At the table with strangers, I nodded less than I listened. I was sad for the collective table, hearing patterns of constant roaring chatter. When did being taken advantage of take over our lives and our dinners out? Husbands who cannot turn on the stove, partners who cannot get to a grocery store or the laundry room, kids who cannot pack their own bags for an overnight trip, colleagues who never keep their end of the bargain. When did the book club lose it s brainpower, replaced by the woes of overdoing it.
Frustrated, the wine goes down easier when everyone agrees with taking on everything. Before entrees, the ladies, friends of my sister’s, showing the underlying rage. Lowering their voices, details of confronting anyone in their household with yelling, crying when pushed one inch too far. Deep in the recesses of the ‘doing ‘is a scoreboard where the guests always win, and the home (Moms) team never gets off the bench.
Societal norms, people pleasing and short term efficiency drives us pack the lunchboxes, pay for everything and run with the work problem ahead of the others who might be slower or unaware. Without delving into the why we take on too much, I’d rather focus on how to expel yourself in a way that keeps you in the role of mother not also doing every other job for every other person all of the time.

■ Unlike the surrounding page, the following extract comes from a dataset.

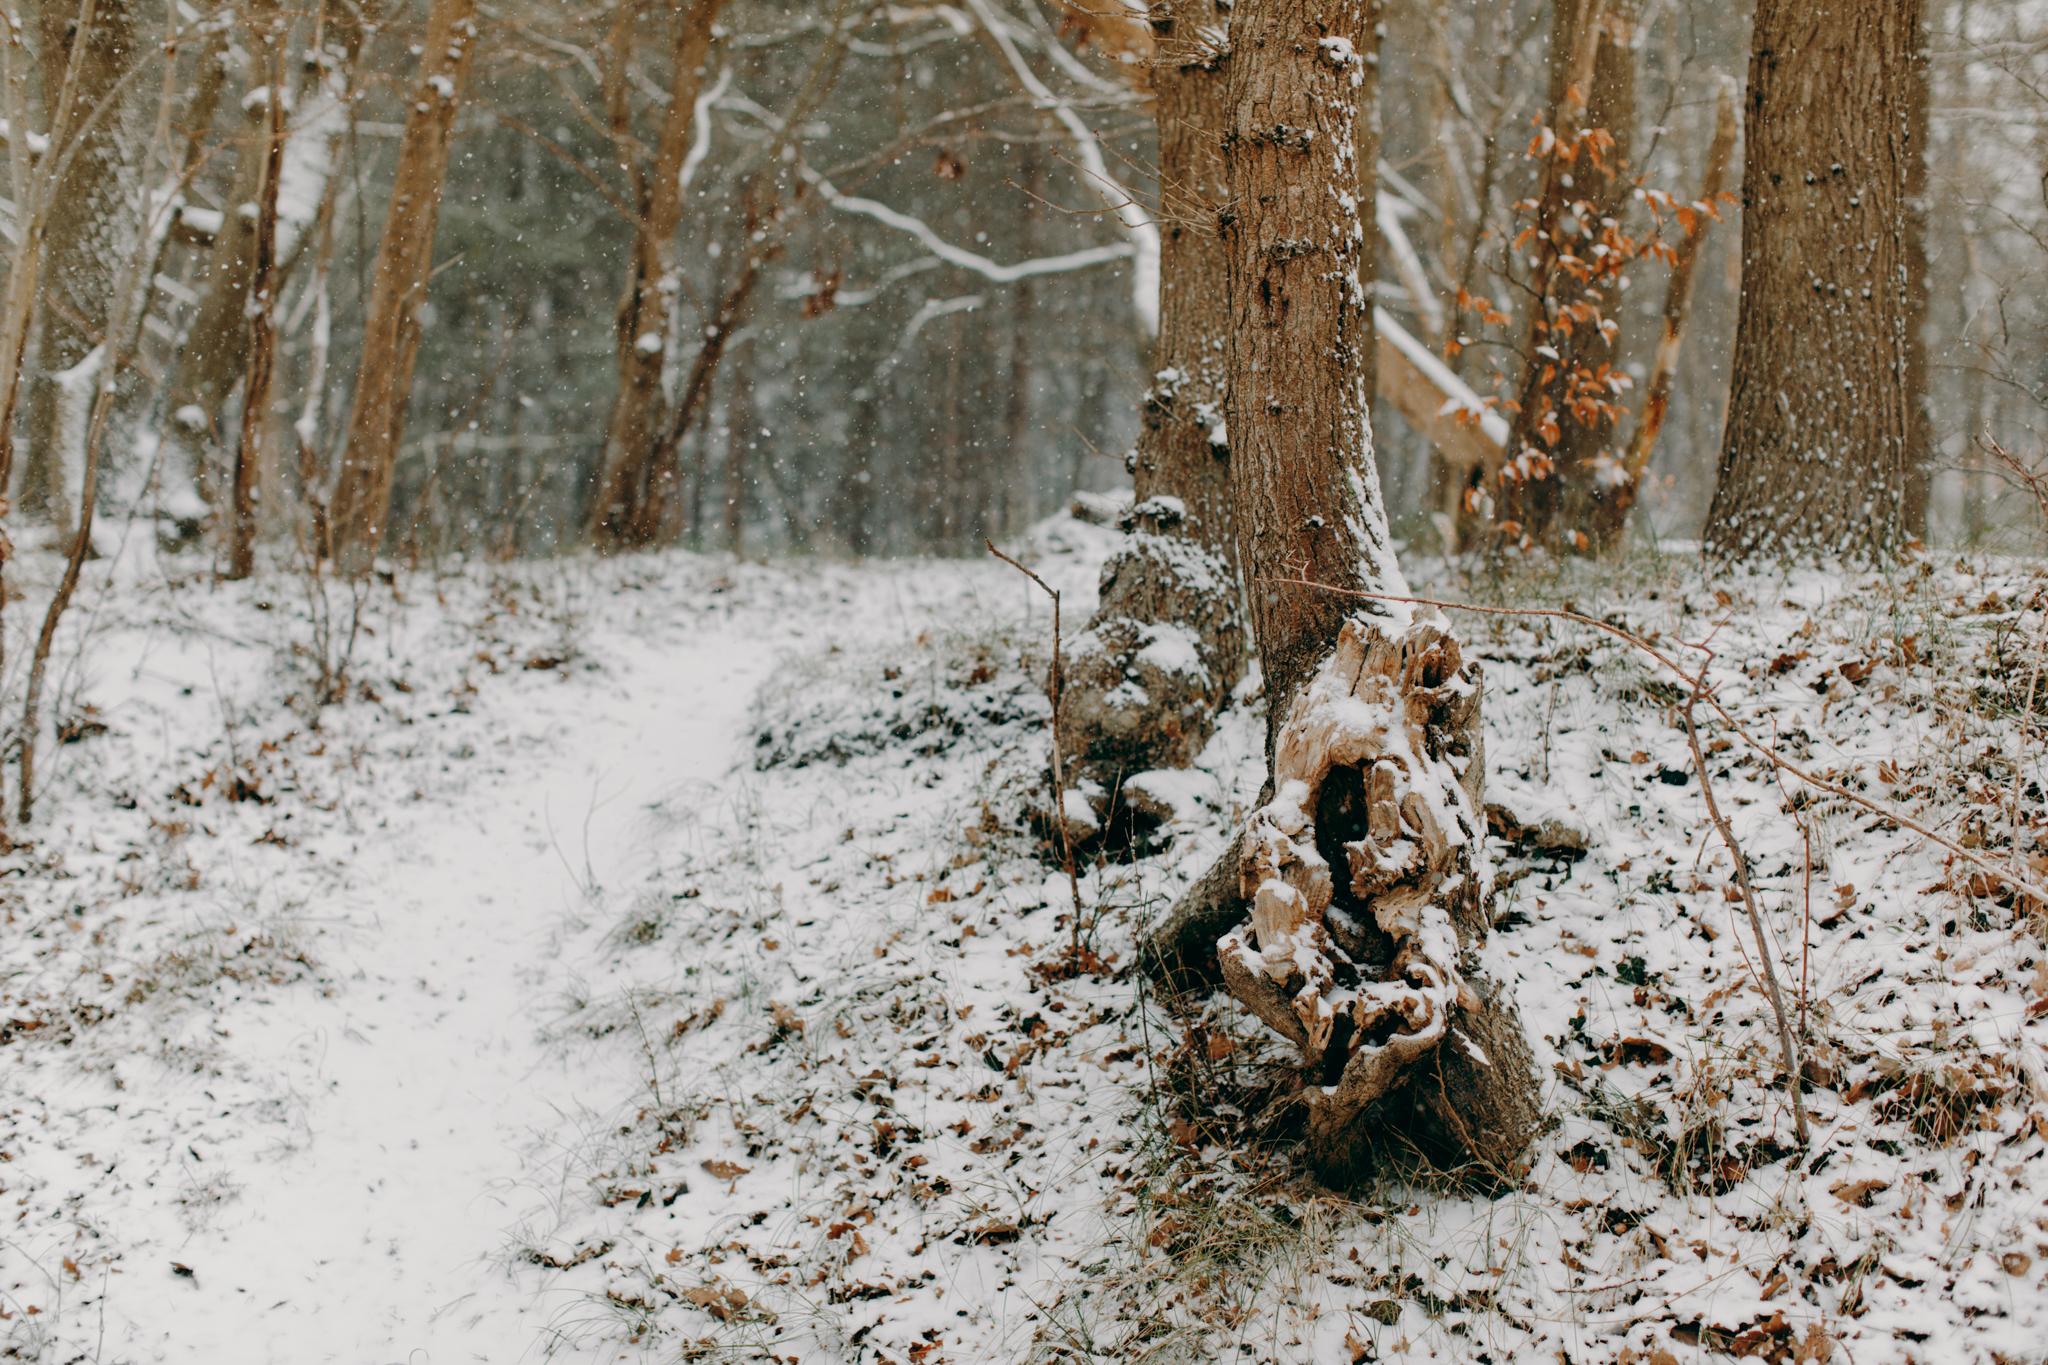 008-winter-sneeuw-oosterplas-bloemendaal.jpg
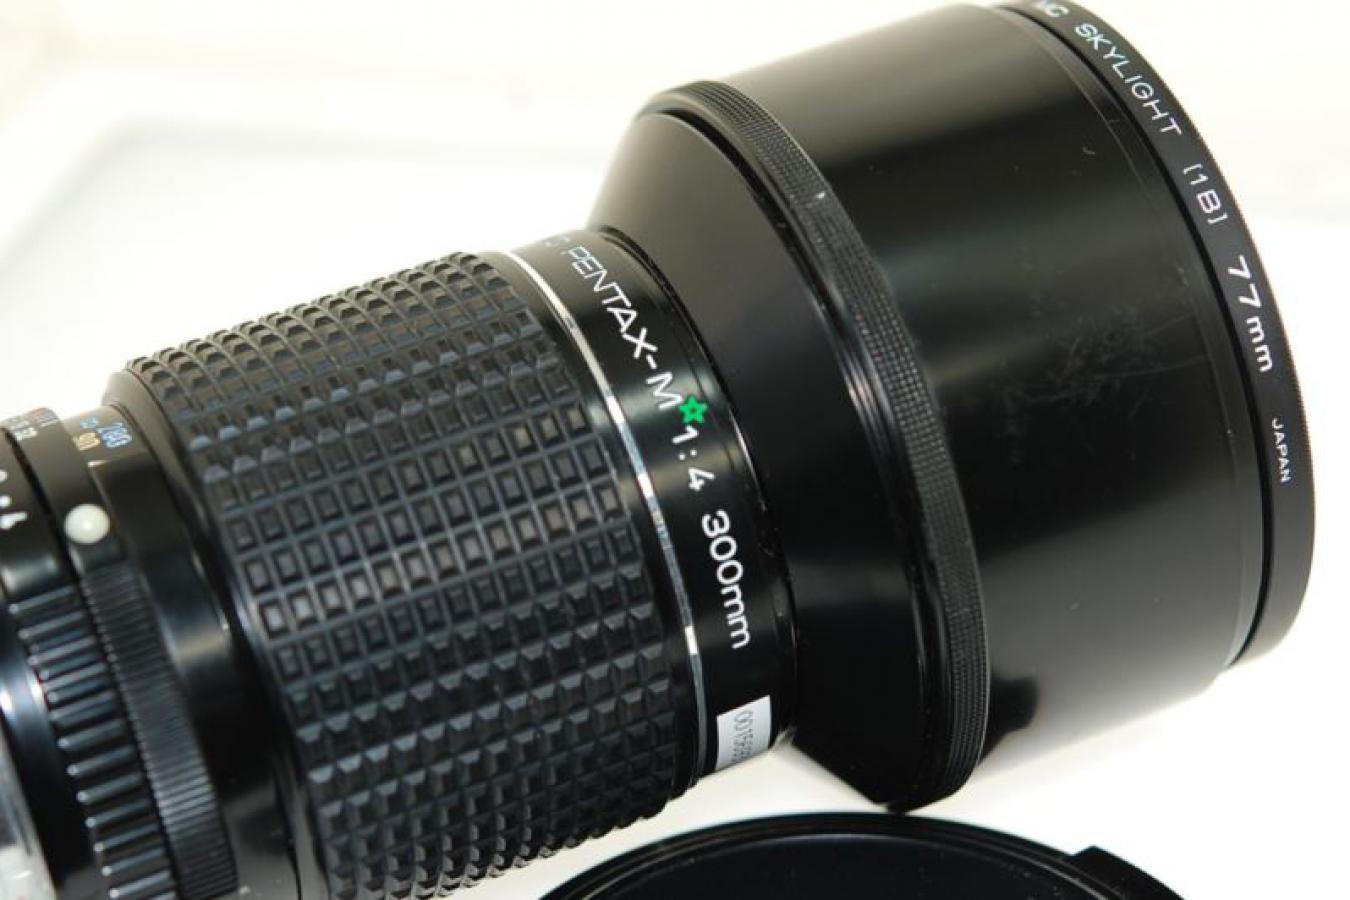 SMC PENTAX-M ☆ 300mm F4 【ケンコー製77mmMCスカイライトフィルター付】

At dinner, I realized is that women are conditioned to manage life like project managers with invisible KPIs. We focus on short term, weekly efficiency, harmony, calm. When did we stop getting credit for maintenance, like the weekly spring grass cut or the leaf blowing on our years. The groceries are just there, the field trip permission slips are magically signed, the Health forms are somehow uploaded. And the irony is, we’re often the last ones to fill out our own.
There are two or more in this relationship tug of war. We are in control of being at the top of the to do list.
I lived the story of responsibility Burnout, sharp tongues, my vegus nerve was living in fight (forget the flight, what would everyone do if I left?!) All of this “taking on” leads to one pathway called burnout. When I woke up I went from “sure, I’ll handle that” to “I won’t do this anymore.”
There were days I had to ask permission to end a call or meeting early to run to the restroom. And I mean run through the hallways to the stalls to return to the next meeting. Little brain space, I’d apologize for being late, like A kindergartner asking permission from their bun-clad teacher. On a long list of to dos, stakeholders, as we say in the business world, in my real life, I refuse to put myself last.
When emergencies hit, obviously, my focus shifts to the person in harm’s way, and I am last for that moment(s). But on the daily, I no longer feel guilty putting my oxygen mask on first.
Are you putting off appointments, bloodwork and even eating well for the sake of everyone else?
I am important, my Longevity and health is critical to the functioning of my Family.
1- We need attention! As our bodies age, they need more attention. Hormonal shifts and age itself require prevention to avoid what is statistically and tactically stacked against us. These appointments and ‘upkeep’ take time to schedule and attend.
2 – My time is not a luxury item. It’s a resource I’m learning to allocate with intention. Just like I schedule client calls or parent-teacher meetings, I’m scheduling me. The walk. The lab work. The creative moments. The part that doesn’t show immediate results but keeps the whole system running.
Unfortunately my time is not elastic like a superhero, stretching infinitely just because everyone needs something. Somewhere along the way, I started believing that if I could just organize better; cleaner closets, make better lists, wake up earlier, multitask harder, that I could fit it all in. There’s no spreadsheet for capacity. There’s no short cut that makes tending to yourself feel convenient.
I couldn’t nod when I sat in on book club because, I refuse to be the last thing on my own list. This isn’t indulgence it’s my midlife infrastructure and strategic planning. The more I care for the foundation (me), the stronger everything else stands.
So no, the window sills might stay really pollen stained. But I’ll be here for the people and purpose I Love most.
When my doctor told me that women are the ones who reschedule their executive physicals— not once, but, on average, three times, I wasn’t surprised. We wait until something hurts. Until the blood work comes back flagged. Until a friend gets news that rattles us. But Aging isn’t a crisis. It’s an accumulation.
3- As our bodies age, they need more care, not less. Hormonal shifts alone can throw our systems off balance. Everything that could run quietly in the background now need conscious attention. Appointments, movement, nutrition, rest are the scaffolding for the second half of life.
So the fridge might be overdue for a scrub, but my appointments are staying on the calendar. Because I finally understand that common quote, “If you don’t take care of yourself, you won’t have yourself to take care of anyone else.”
I’ve been there all too often. But I’ve woken up to the long term gains of teaching others how to fish, advising rather than doing.